* Exercise instructions:
Transcribe exactly, and without pictures, the lines from the one that contains "Lord Ganesha Ganapati" through the last line of the material.

* Provided data:
[Start of Attachment]
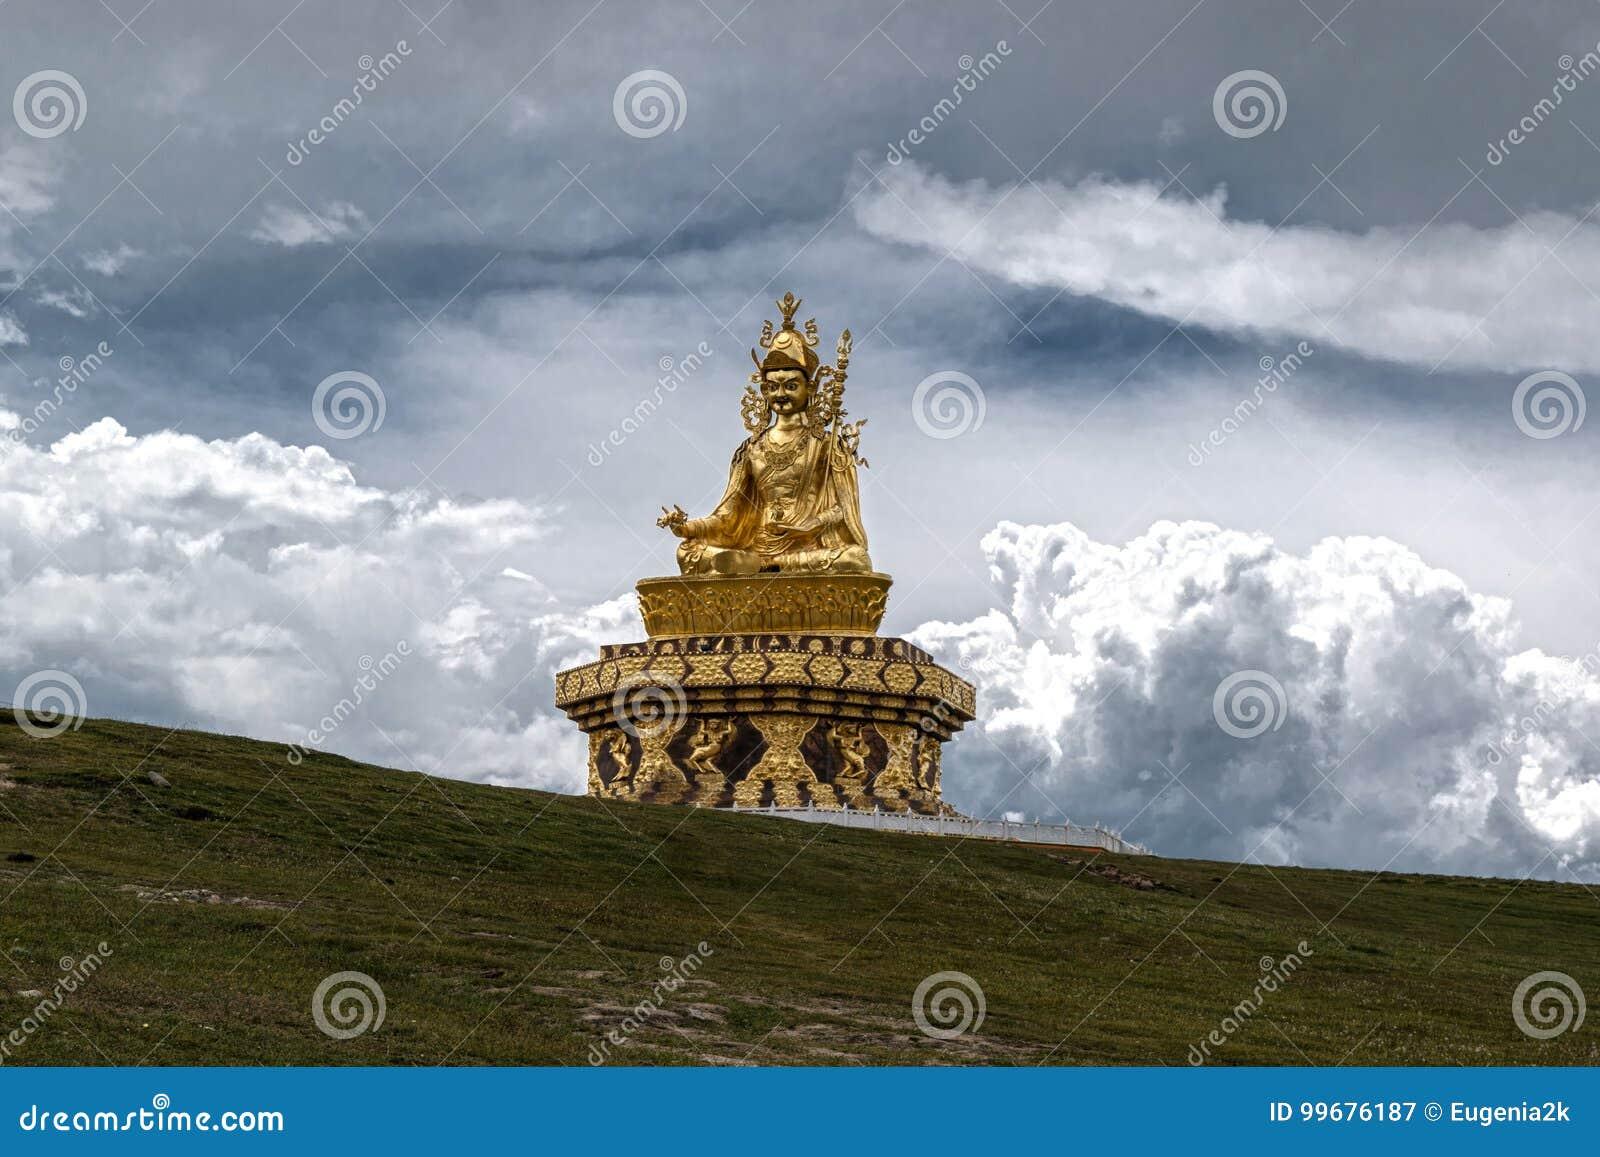 Guru Rimpoche Statue
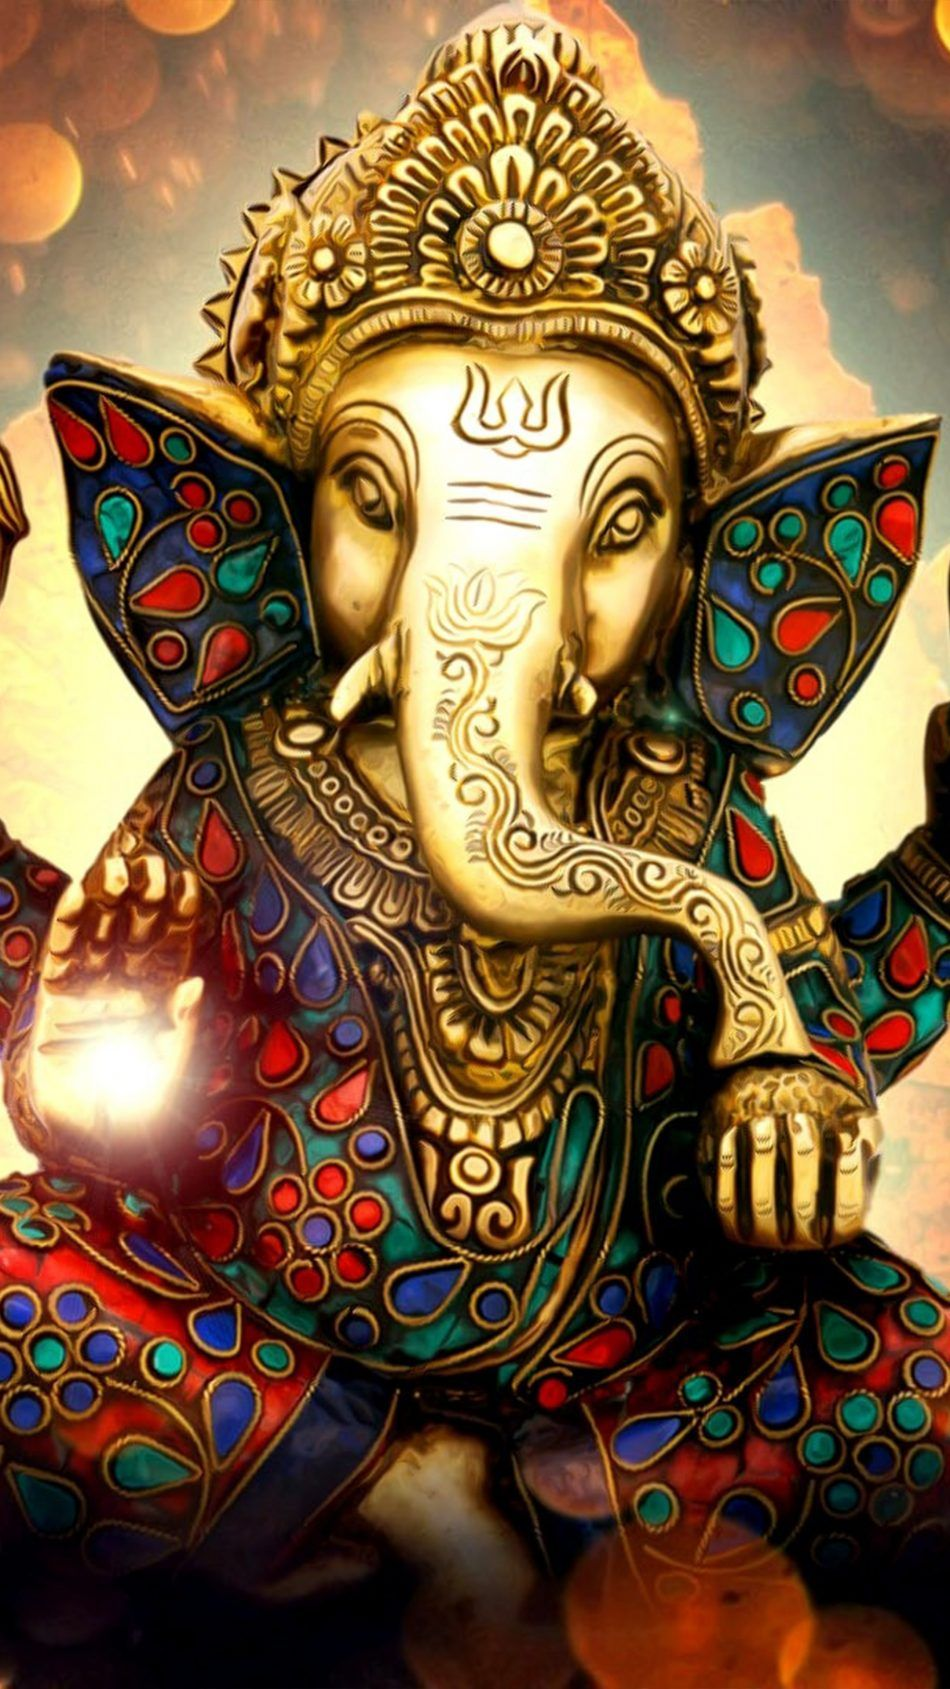 Lord Ganesha Ganapati Statue Idol 4k Ultra Hd Mobile Wallpaper Ganesh Wallpaper Ganesha Pictures Lord Ganesha
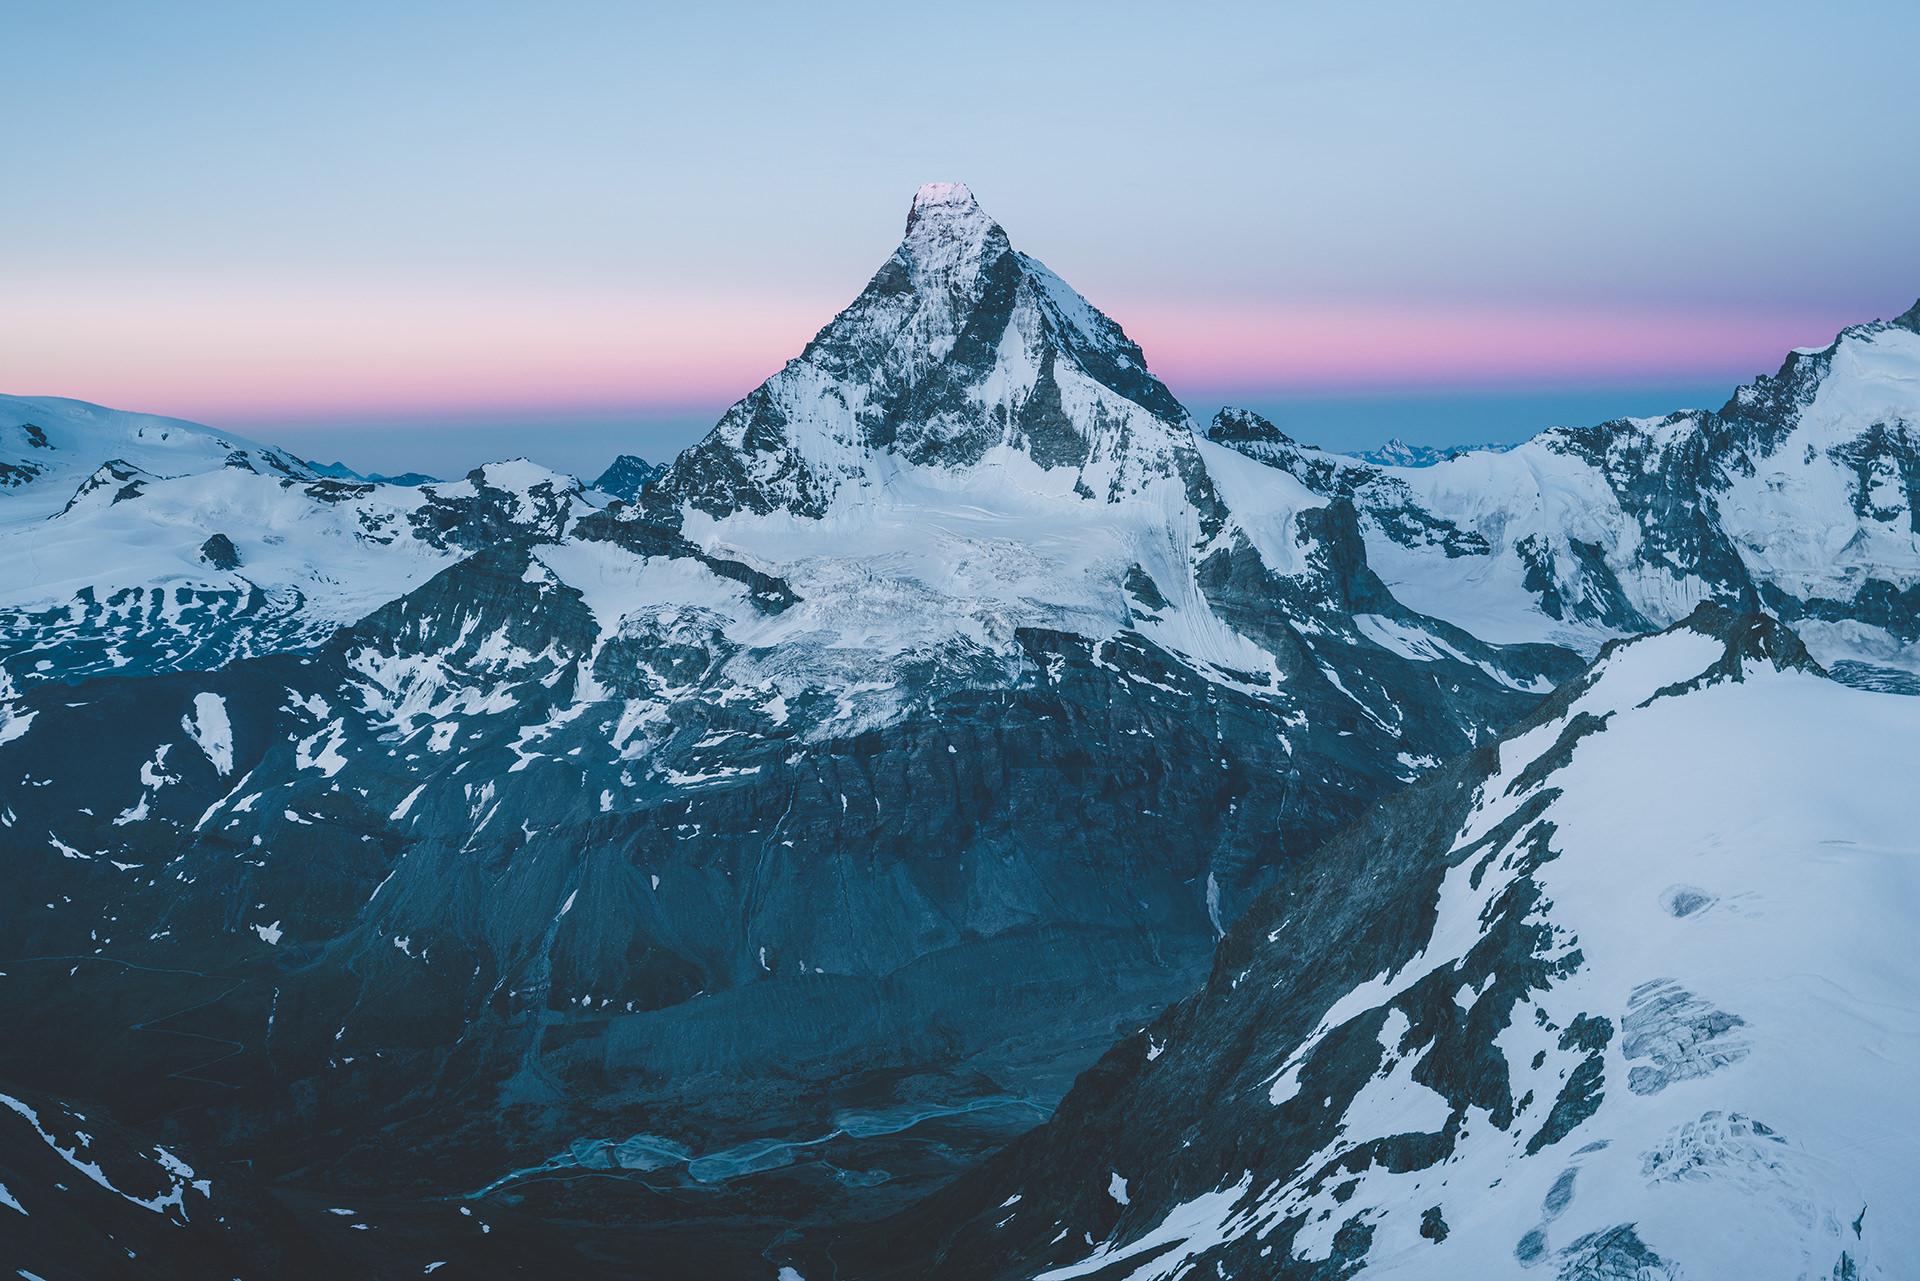 morgenstimmung-berge-gipfelblick-himmel-ruhe
[End of Attachment]
* Response to the exercise:
 Lord Ganesha Ganapati Statue Idol 4k Ultra Hd Mobile Wallpaper Ganesh Wallpaper Ganesha Pictures Lord Ganesha
 morgenstimmung-berge-gipfelblick-himmel-ruhe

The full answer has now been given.